Das Auto an sich ist einfach ein fahrendes Smartphone. Überall verspielte Funktion wo man hin sieht oder hin greift. Der 3 geteilte LCD Tacho oder der 17“ Screen in der Mittelkonsole sind 2 der wohl auffälligsten Merkmale im Cockpit.

 

Die anderen Fahreigenschaften bemerkt dann jeder, egal ob technisch versiert oder nicht. Ein sanfter Tupfer aufs Gaspedal und der Tesla gibt Gas, steigt man als geübter Automatikfahrer dann in den nicht vorhanden Kickdown, gibt es ohne Verzögerung einen Tritt in den Rücken für alle Insassen.

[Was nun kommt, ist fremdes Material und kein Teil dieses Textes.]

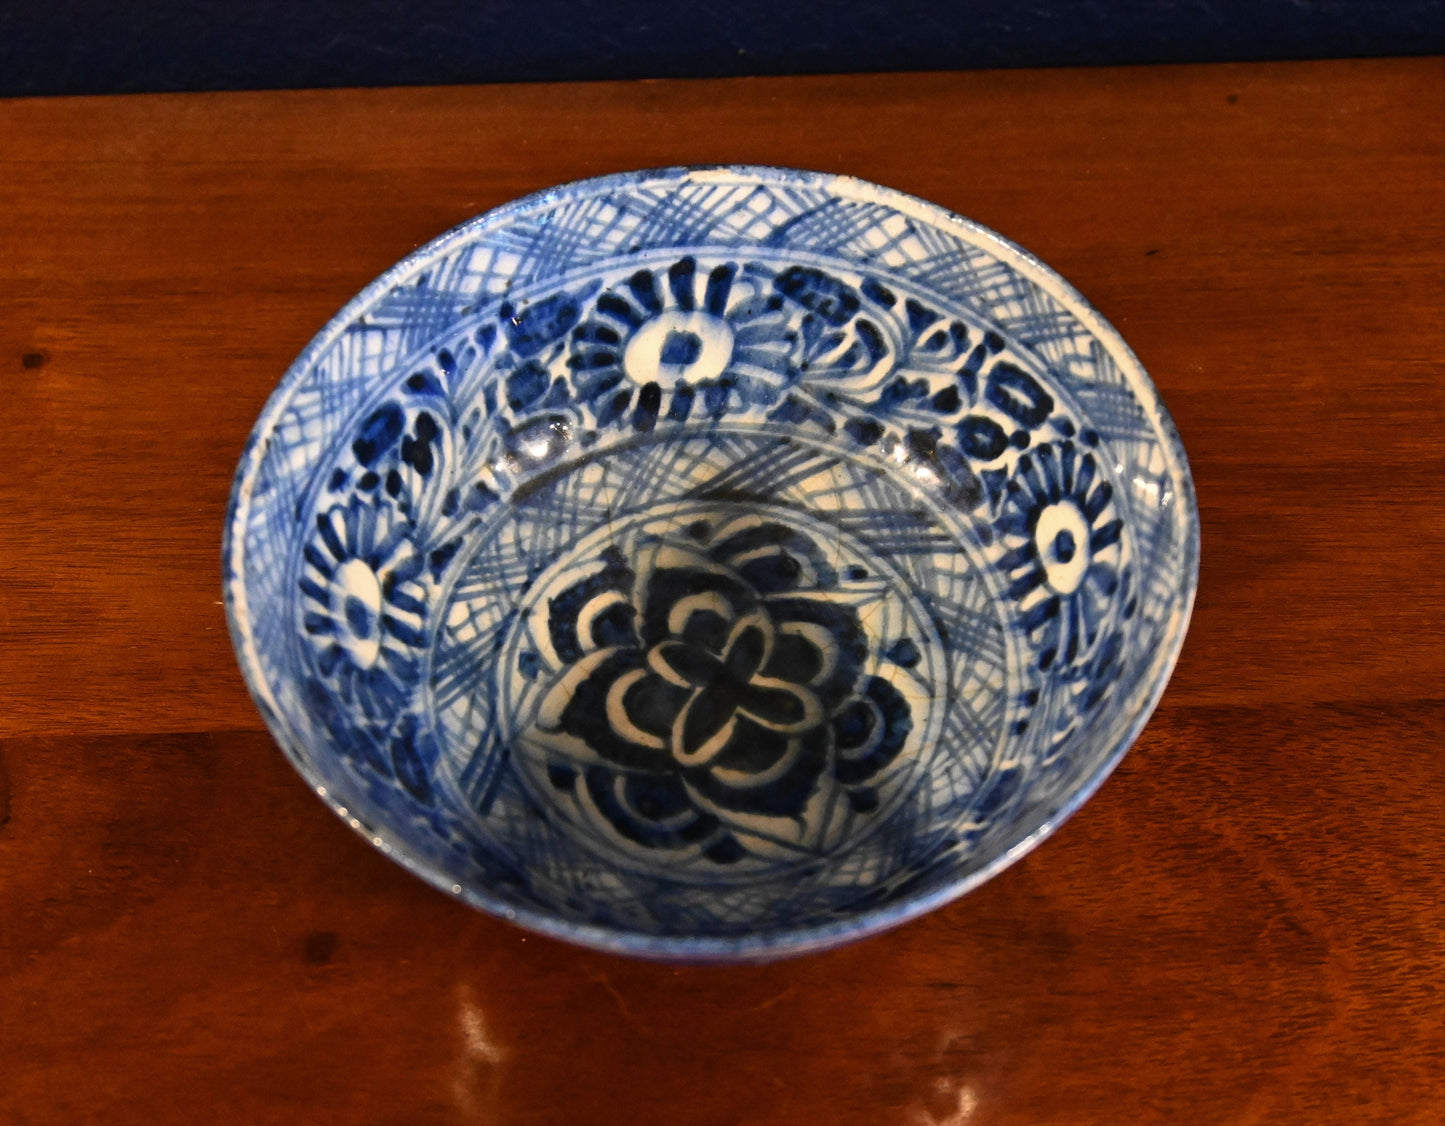 Stunning Persian 19th Century, Ceramic Bowl Kashan Blue and white floral 7 1/8 inches (18.09 cm) in Diameter

Positiv kam auch der wirklich große (hintere) Kofferraum an. Ein richtiges Raumwunder. Jedoch ist die Mittelkonsole sehr sehr gewöhnungsbedürftig. Da kein Getriebe vorhanden ist, gibt es den gewohnten Getriebetunnel auch nicht. Wieso Tesla beim Model S hier nicht mitgedacht hat und das diesen Bereich für Ablagemöglichkeiten und z.B. Becherhalter genutzt hat ist für mich nicht verständlich. Offensichtlich haben die Designer aber den „Fehler“ eingesehen und beim Model 3 bereits mitgedacht.

Für mich ist die „Liebe“ zu Tesla noch nicht verflogen, aber ein Model S oder X würde ich mir zur Zeit nicht kaufen wollen. In Österreich fehlt einfach das Netz der hochperformanten Ladestationen und der Preis der Fahrzeuge ist einfach .. wie soll ich es nett ausdrücken? .. VERRÜCKT!

Trotzdem würden mich 1-2 Tage mit einem Model X und Model 3 interessieren um zu sehen wie sehr sich Tesla weiterentwickelt hat.